Remington corelokt, Federal blue box, Winchester power points, Federal fusion, etc... They will all kill any deer from the smallest Florida buck to the biggest Canada buck.


----------



## rufus1138 (Oct 29, 2012)

+1 for nosler....I also like hornaday....I'd have to get into my loading manual but it all depends on what u want it to do...and what twist your barrel is


----------



## bobinbusan (Feb 16, 2010)

As long as it is in the 130 grain range, cause that was why the 270 was made for the 130 grain:thumbsup::thumbsup::thumbsup::thumbsup:


----------



## deersniper270 (Apr 29, 2009)

Winchester Power Points 130gr. put deer down and at a great price. Been using them for 9 years now.


----------



## mekell (Sep 27, 2007)

*.270*

I all ways used a 130gn Hornady sp. Liked to load it with 56.0 gns of IMR 4350. Never had a whit tail or a mule deer stake more than a step or two. Shocking power was great.

Having said that, if I were still hunting I would like to try the Barnes.


----------



## Outside9 (Apr 30, 2008)

deersniper270 said:


> Winchester Power Points 130gr. put deer down and at a great price. Been using them for 9 years now.


Yep!

I used these in the 150 grain for years and loved them. The rifle is my spare now, but this year I dropped down to the 130. Great price and great bullets.


----------



## Telum Pisces (Sep 27, 2007)

bigbulls said:


> If it's just for deer than really any bullet will do just fine.
> 
> I start with the cheapest, plane jane, lead bullet and go from there. If the cheapest gives you the accuracy you are looking for then stop there and go hunting.
> 
> Remington corelokt, Federal blue box, Winchester power points, Federal fusion, etc... They will all kill any deer from the smallest Florida buck to the biggest Canada buck.


Agree with this. But if you like spending extra money to say that you shoot some fancy bullet at deer, then be my guest. I always try all the $20 per box rounds I can to see which one my gun like the best and just go with them. And no matter what anyone says on here, your gun will shoot different with certain bullets even if it's the same make and model as someone else. 

Asking what bullet people like is like asking whether someone like Chevy or Ford (or other truck) around here. Everyone has an opinion and a reason why they like what they like. I just go with what works for me and the only way to do that is to try it out.


----------



## Tippin Slow (Nov 21, 2007)

I have two savage bolt action 270's.
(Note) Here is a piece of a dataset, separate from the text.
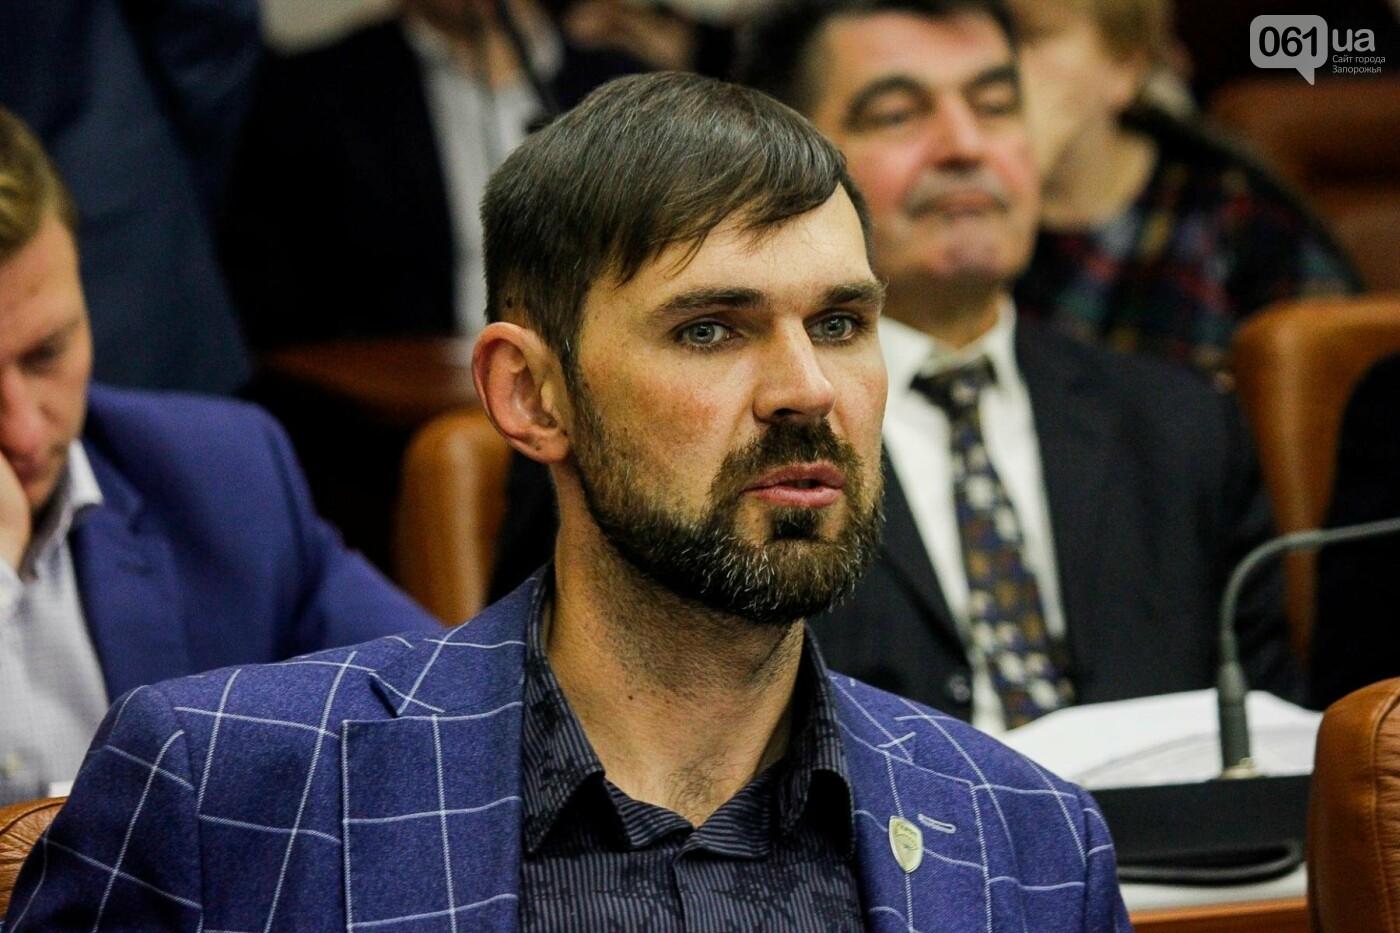 Сессия запорожского горсовета в 55 фотографиях, - ФОТОРЕПОРТАЖ, фото-11

One really likes the 130 gr. Federal Fusion. And the other is partial to the 130 gr. Winchester Power Points. I also reload my own "premium ammo" and have found that one of the rifle's chamber is a tad longer and does well if I seat the bullet a little higher in the case. So many factors impact accuracy so their is no magic bullet that shoots great in all rifles. Buy 3 boxes of the readily available "cheap ammo" and several targets. Shoot your best 3 shot groups with each allowing time for the barrel to cool. One of them will probably shine above the other two. From there experiment until you find the load your gun likes. Make sure your scope is mounted securely and straight with horizontal bar dead level.


----------



## rufus1138 (Oct 29, 2012)

hey tippin a trick to try that i learned from the big bore guys in oklahoma is to take that rifle you mentioned has a slightly elongated chamber and mess with lower powder settings and seat the bullet farther down so it has a little bit of run before it meets the rifling, some guns like this others dont, but it was a big testing factor with our 45-70's, some rifles even liked having a bullet set high enough to pre engage into the rifling when the breech was closed, just food for thought, less powder doesnt necessarily mean a worse shot, you might find if the bullet has that free space and is slowed enough to keep it from slipping as it engages the rifling that it could tighten your groups. i know a few guys found that it did with their rifles.


----------



## Buck_ Hunter (Feb 14, 2012)

Thanks y'all I think I'm gonna stick with core lok I use them in the 30-06 and like them and they shoot good outta the .270 and their cheap so that's another plus


----------